Copyright 2002
The Student Life

Fighting the President's War Will End Only in Further Tragedy, Increased Hatred
By Michael Owen
Opinions Editor

The present controversy over the Bush Administration’s emerging interest in preemptive war—an interest elevated, from its dubious beginnings as “retaliation” against Afghanistan, to the shrine of foreign policy—deserves some mention in its own right. But perhaps more disturbing than the move toward American-initiated warfare is the progressive spread of silence among the American public. Despite unambiguous opposition to war in Iraq by prominent voices in government and media worldwide, the Administration seems dead-set on, and popularly unopposed in, reviving the “patriotism” (or, more cynically, the lack of resistance to a distinctly troubling administrative agenda) brought about by the collapse of an American symbol.

Words have not yet described the scale of the September 11 terrorism, because whenever they might have done so they have been preceded in a sentence by the phrase, “words cannot describe.” The “incalculable” loss of a year ago is now quite calculable; both the death toll (in number of persons) and the extent of material damage (in number of dollars) have been calculated with robotic precision, and lest there should remain an unquantifiable emotional loss, the media has tortured the subject to a point, improbably, beyond saturation. If there was a true sense of emotional loss in the beginning, it has been numbed by the drone of a machine whose work, though ostensibly to process the horror, has done nothing but exploit it cheaply to impossible extremes.

Those who cling to the idea of an incalculable devastation on September 11 do so in reverence to the sense of entitlement that should have been, but was not, jettisoned on September 11.

America has spent the past year licking its wounds and shooting, from the hip, at the “evil” Bush vowed to eliminate, but it has not learned the lesson it might wisely have taken from its 9/11 crucible: America cannot continue to pretend as though the rest of the world is irrelevant.

The destruction of the Twin Towers was an unprecedented spectacle in the collective imagination of contemporary America, and it caught America’s attention unprecedentedly. The Towers’ fall was the first widely-seen devastation on a scale proportionate to the ambition, technical genius and, some might say, ego of the past half-century. In the minds of many Americans, it was a deeply impersonal event coupled with a deeply personal one; we dissociated the stories of those who died from the horrific magnificence of the Towers’ fall. By no means should the loss of human life be subordinated to the loss of an architectural construction—the human loss should remain forever in the realm of the sacred and sorrowful. And yet the human loss has been subordinated, in the media and elsewhere. When President Bush speaks of the event, he adeptly places the focus of his remarks on the “human loss” and the “human toll.” What remains unspoken is the value of the indelible vision of September 11 to those who would exploit it as such; their real platform is not the loss of life, but the loss, literally, of unquestionable structure.

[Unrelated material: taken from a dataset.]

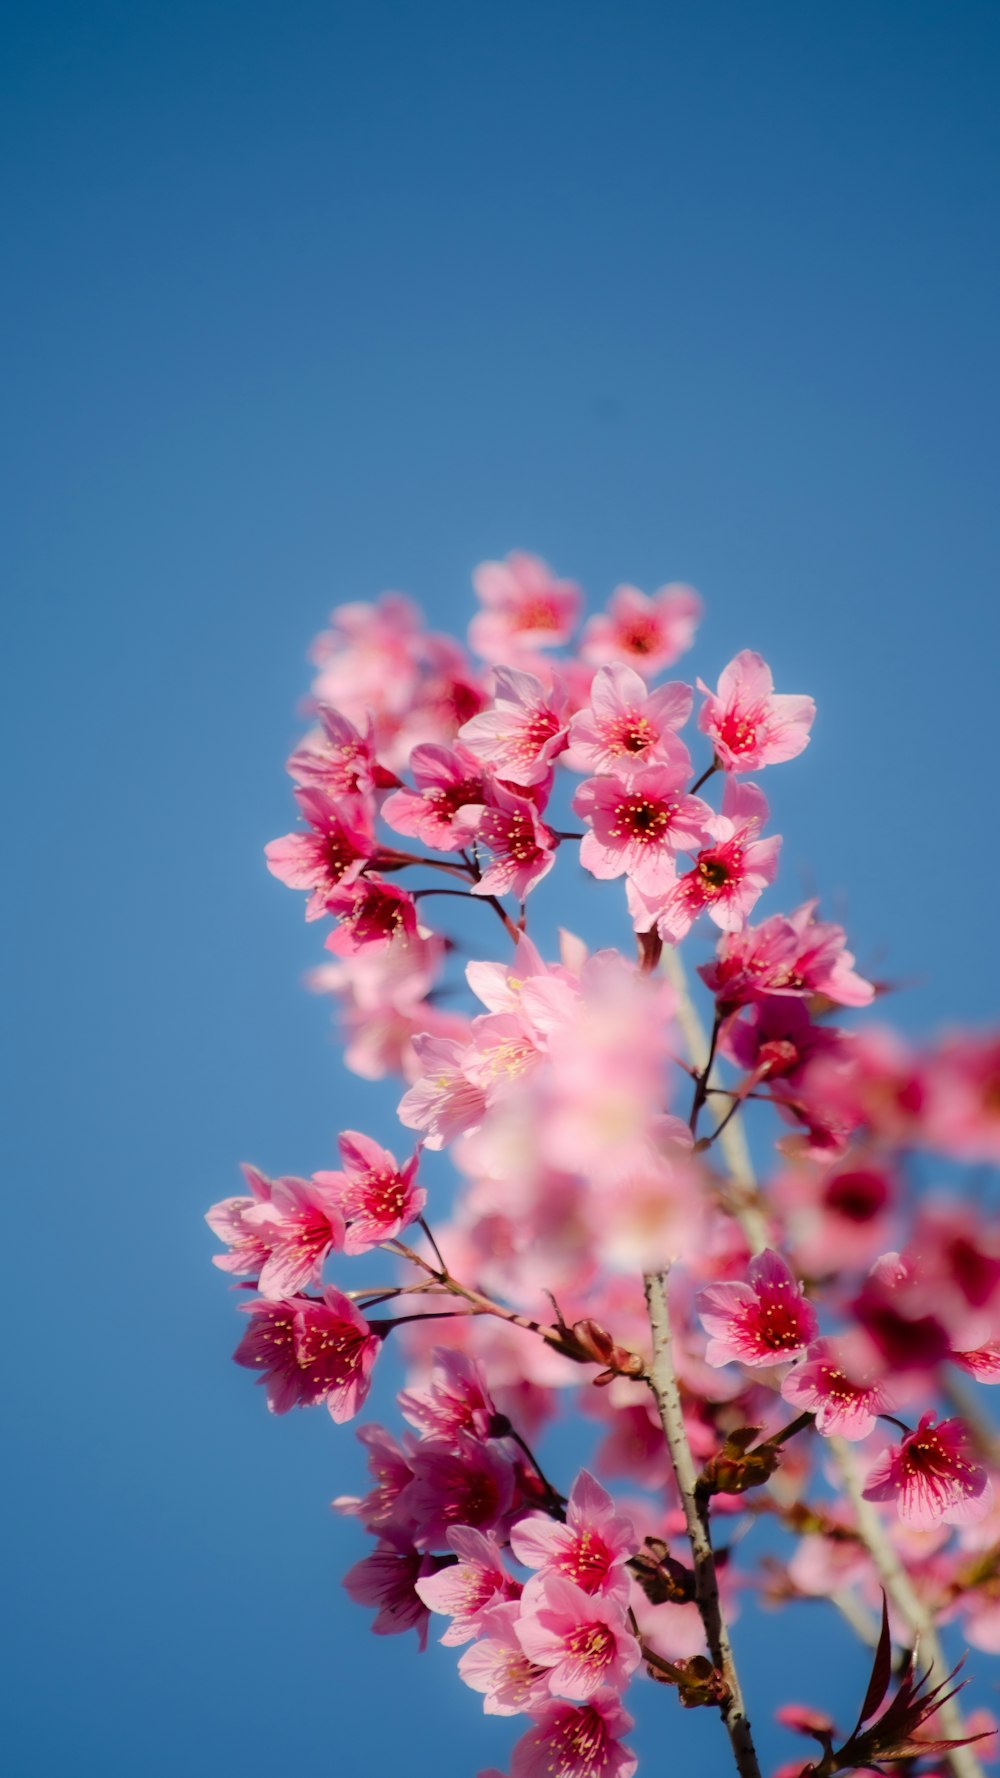 a branch of pink flowers against a blue sky
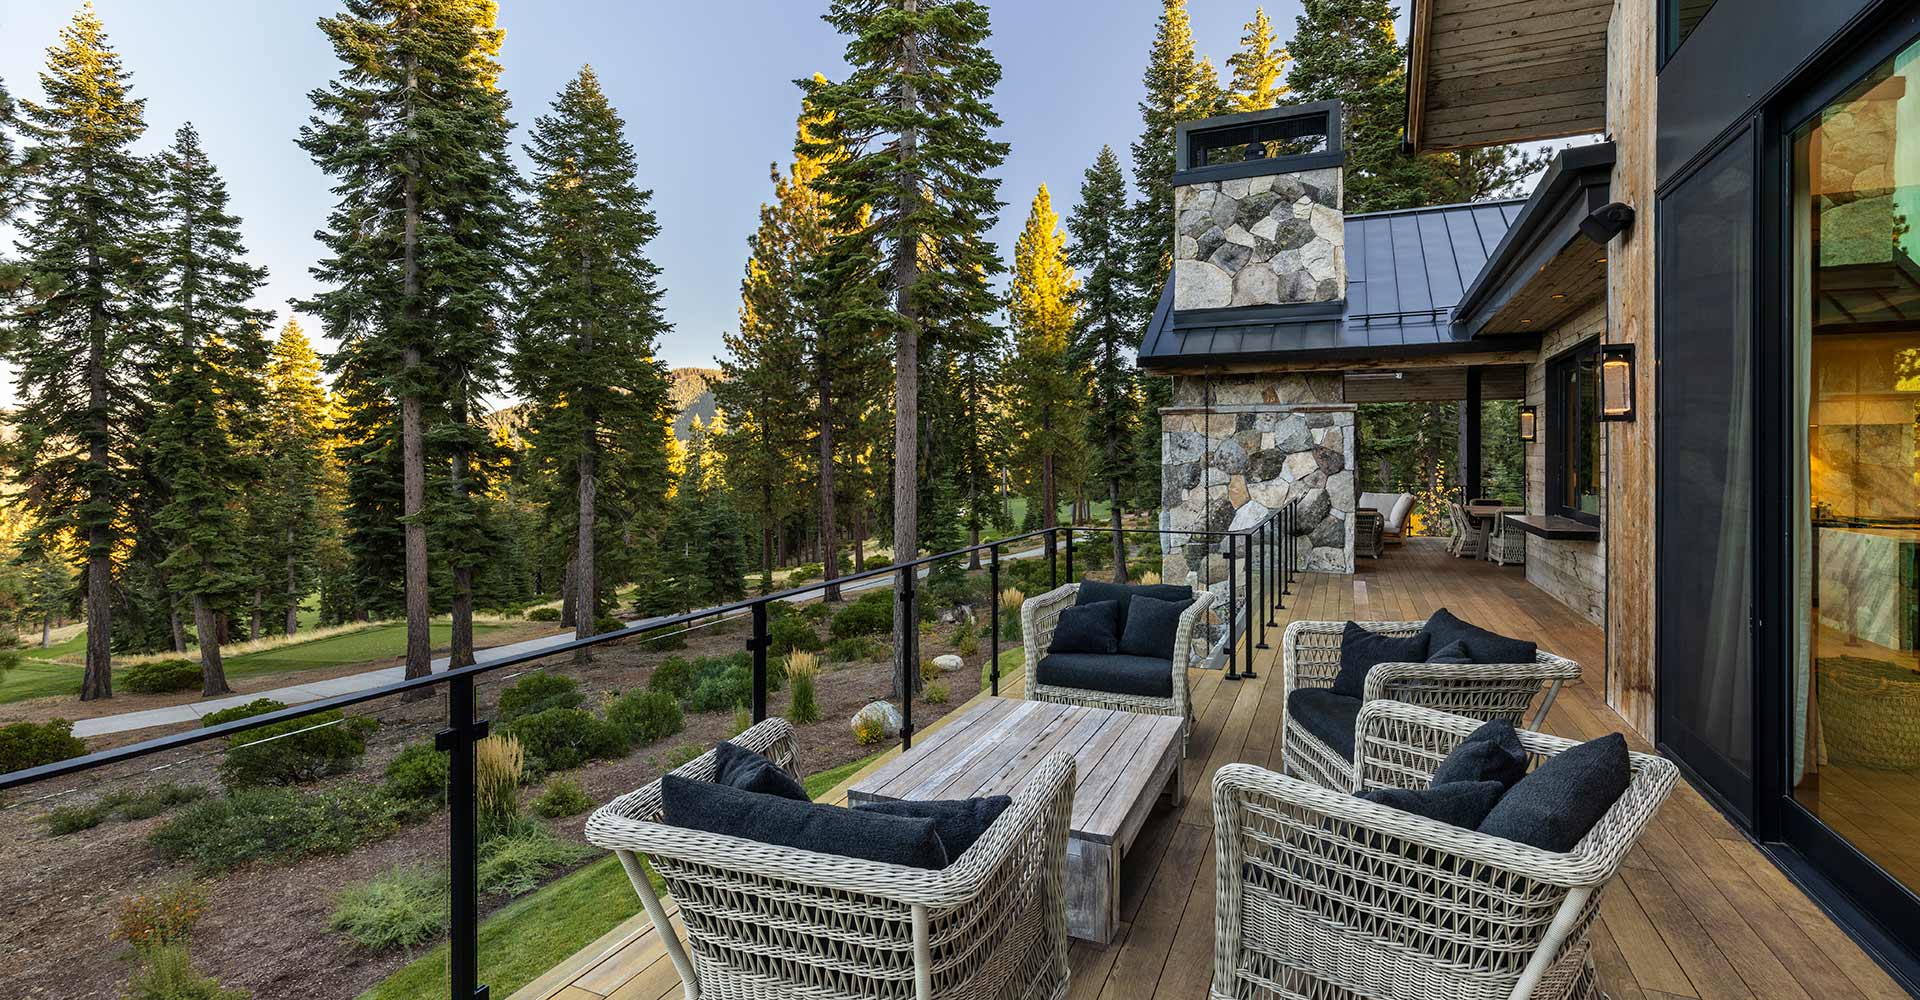 Lake Tahoe luxury homes for sale - 8376 Valhalla Drive

In a time of relative perceived security, Americans were dulled to the senselessness of our own relationship with the rest of the world. Our lifestyles, speaking broadly, were characterized by increase and enormity and excess. Post-9/11, we briefly questioned our worship of the material, but it was not long before we had returned to a tacit acknowledgment and acceptance of our irrational lives. A year later we commemorated the loss with flags, the seductive idols of nationalism. As long as we implied patriotism with the bumper-sticker adornments of our SUVs, we could remain inured to the real world; how ironic, that we should so soon forget.

It is a troubling end to a troubling year. We question less now, offering no obstacles to our leaders’ manipulative, reckless international policy. The world stands opposed to our urge to carry war wherever it will most likely yield a politically marketable success. Characterize the perpetrators of the attacks as you will, but they are not the faceless villains fed to us by a government rejoicing in and feeding our jingoism; the motives behind 9/11—hatred, fear, resentment—remain steadfastly in place. As we continue, more impetuous than ever, in this campaign of worldwide aggression, our complacency condemns us. We, the people, will lose this war.